TASK TO COMPLETE: Copy out the data below as written; omit any images.

INFORMATION SHOWN:

+---+

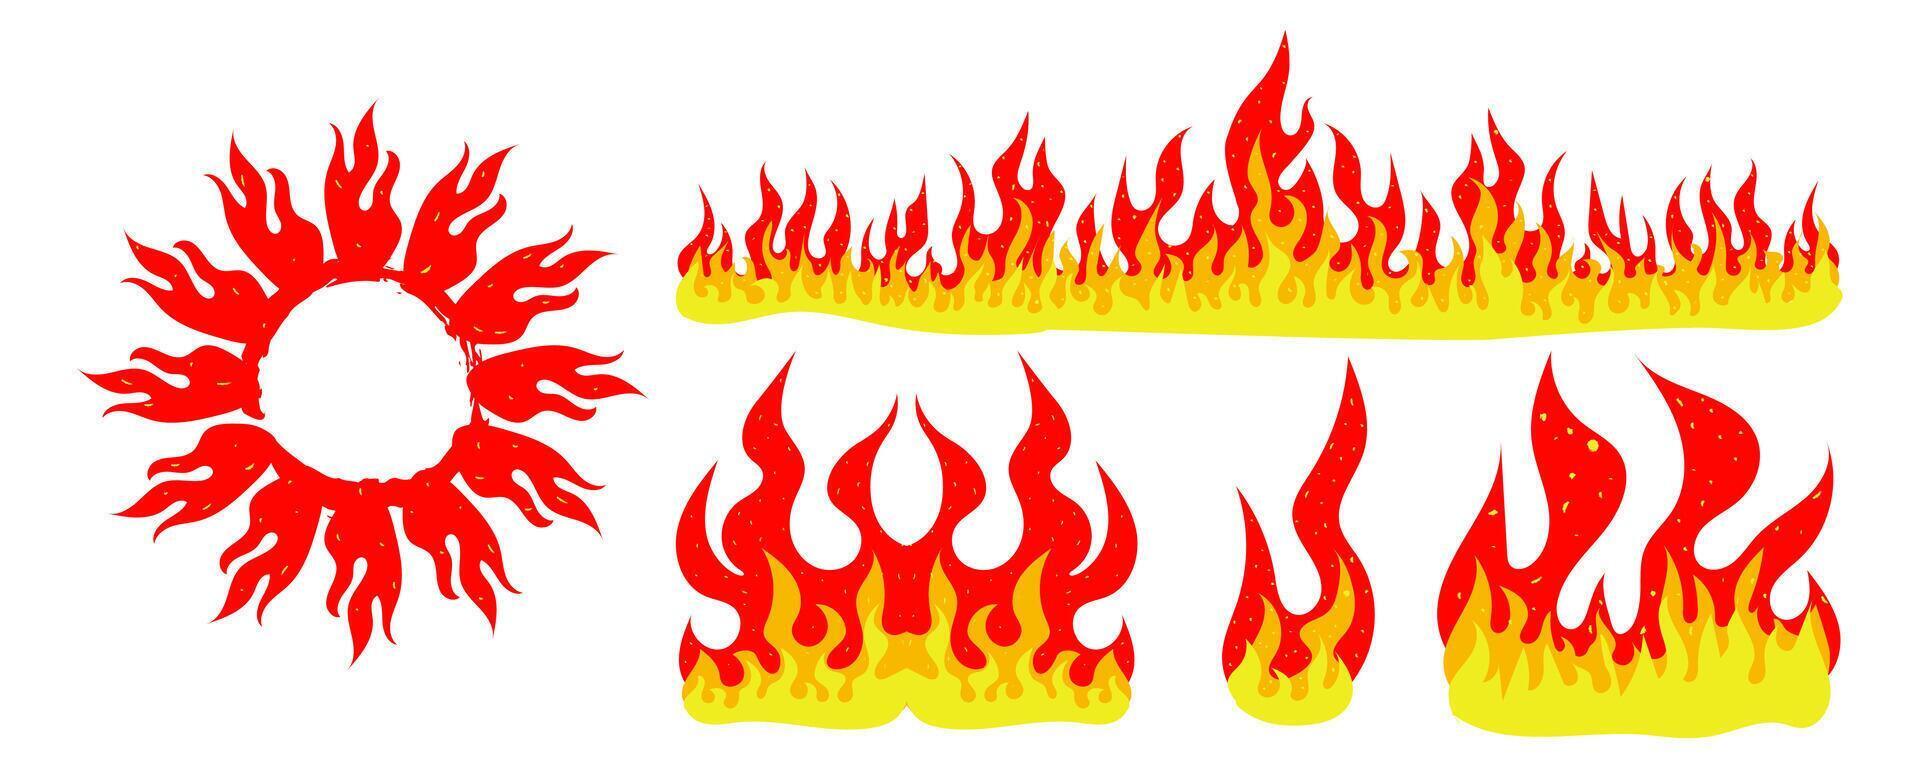 Set of fire cartoon illustrations, fire crowns, fire frames, fire elements, grunge fire. Vector illustration for collages, posters, banners.
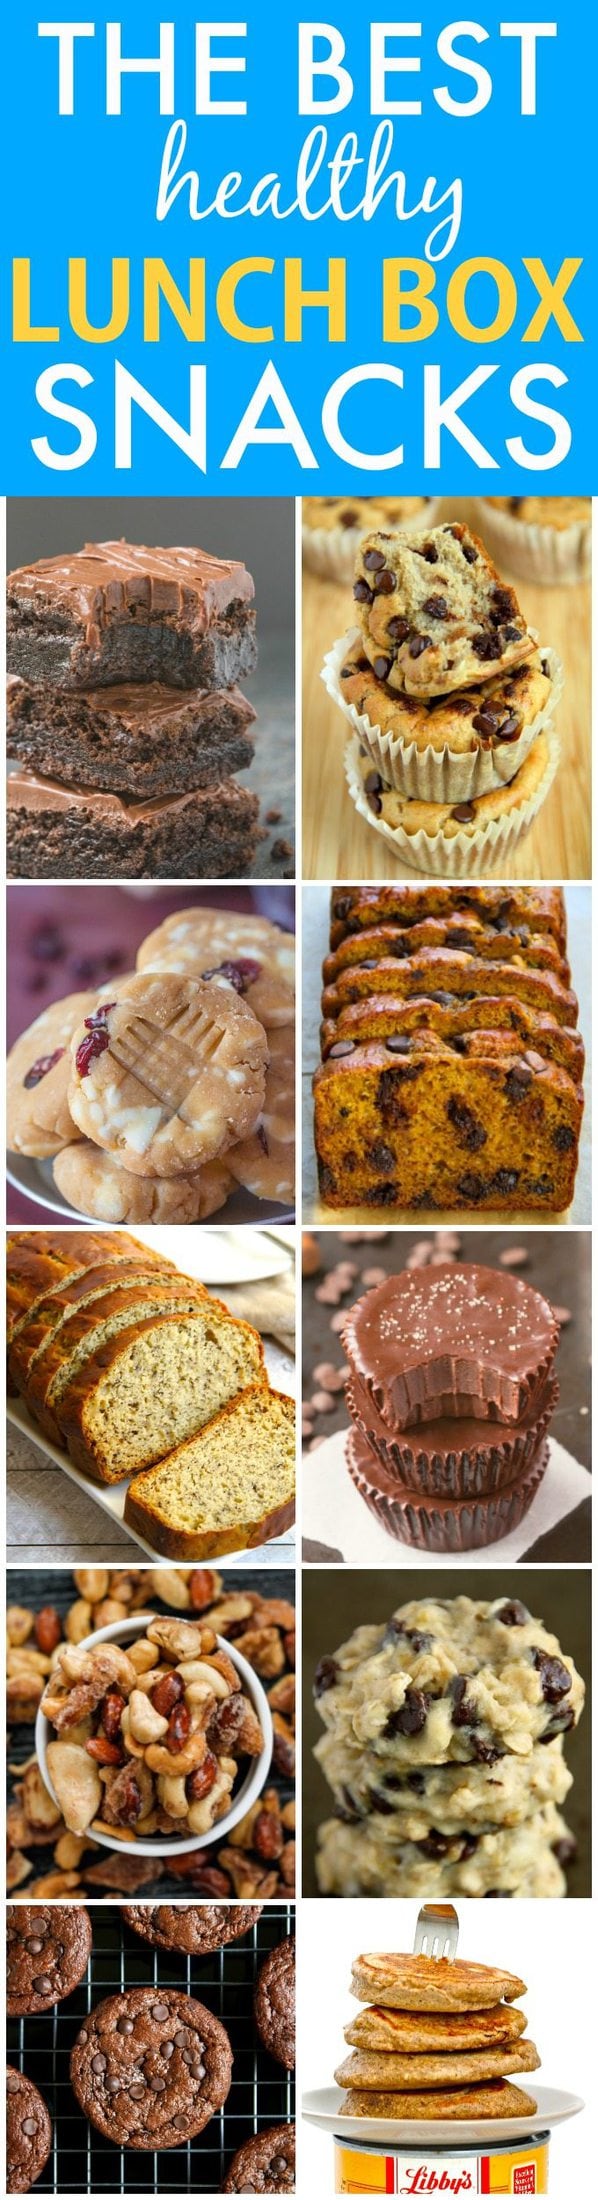 The Ultimate HEALTHY Snacks PERFECT for lunchboxes, back to school, food prep and freezer friendly- Muffins, bars, cakes and brownies made with NO nasties! {no bake, vegan, gluten free, paleo, sugar free recipe options}- thebigmansworld.com
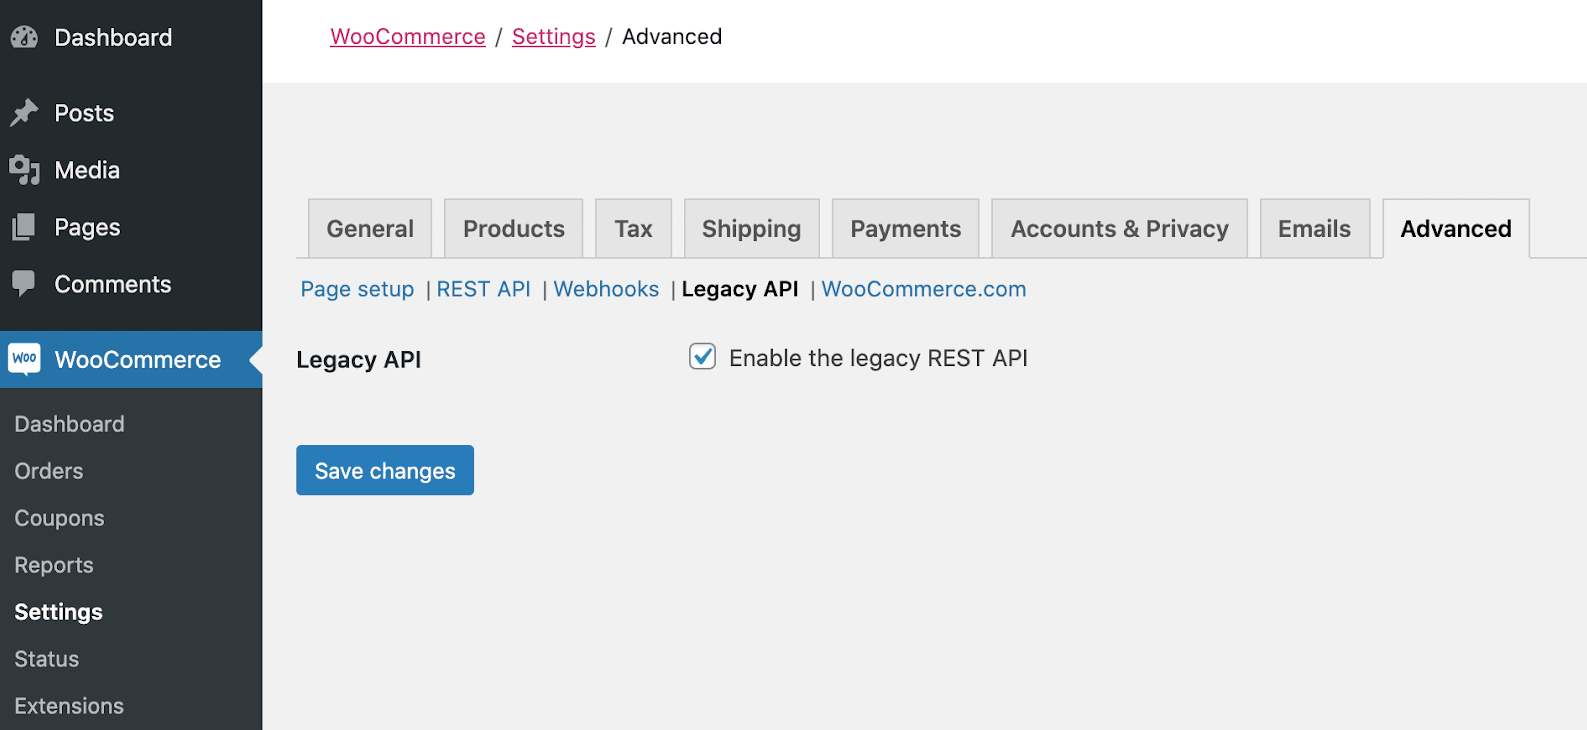 Enable the legacy REST API in the WooCommerce settings

+---+

SOLUTION BELOW:
 Set of fire cartoon illustrations, fire crowns, fire frames, fire elements, grunge fire. Vector illustration for collages, posters, banners.
 The Ultimate HEALTHY Snacks PERFECT for lunchboxes, back to school, food prep and freezer friendly- Muffins, bars, cakes and brownies made with NO nasties! {no bake, vegan, gluten free, paleo, sugar free recipe options}- thebigmansworld.com
 Enable the legacy REST API in the WooCommerce settings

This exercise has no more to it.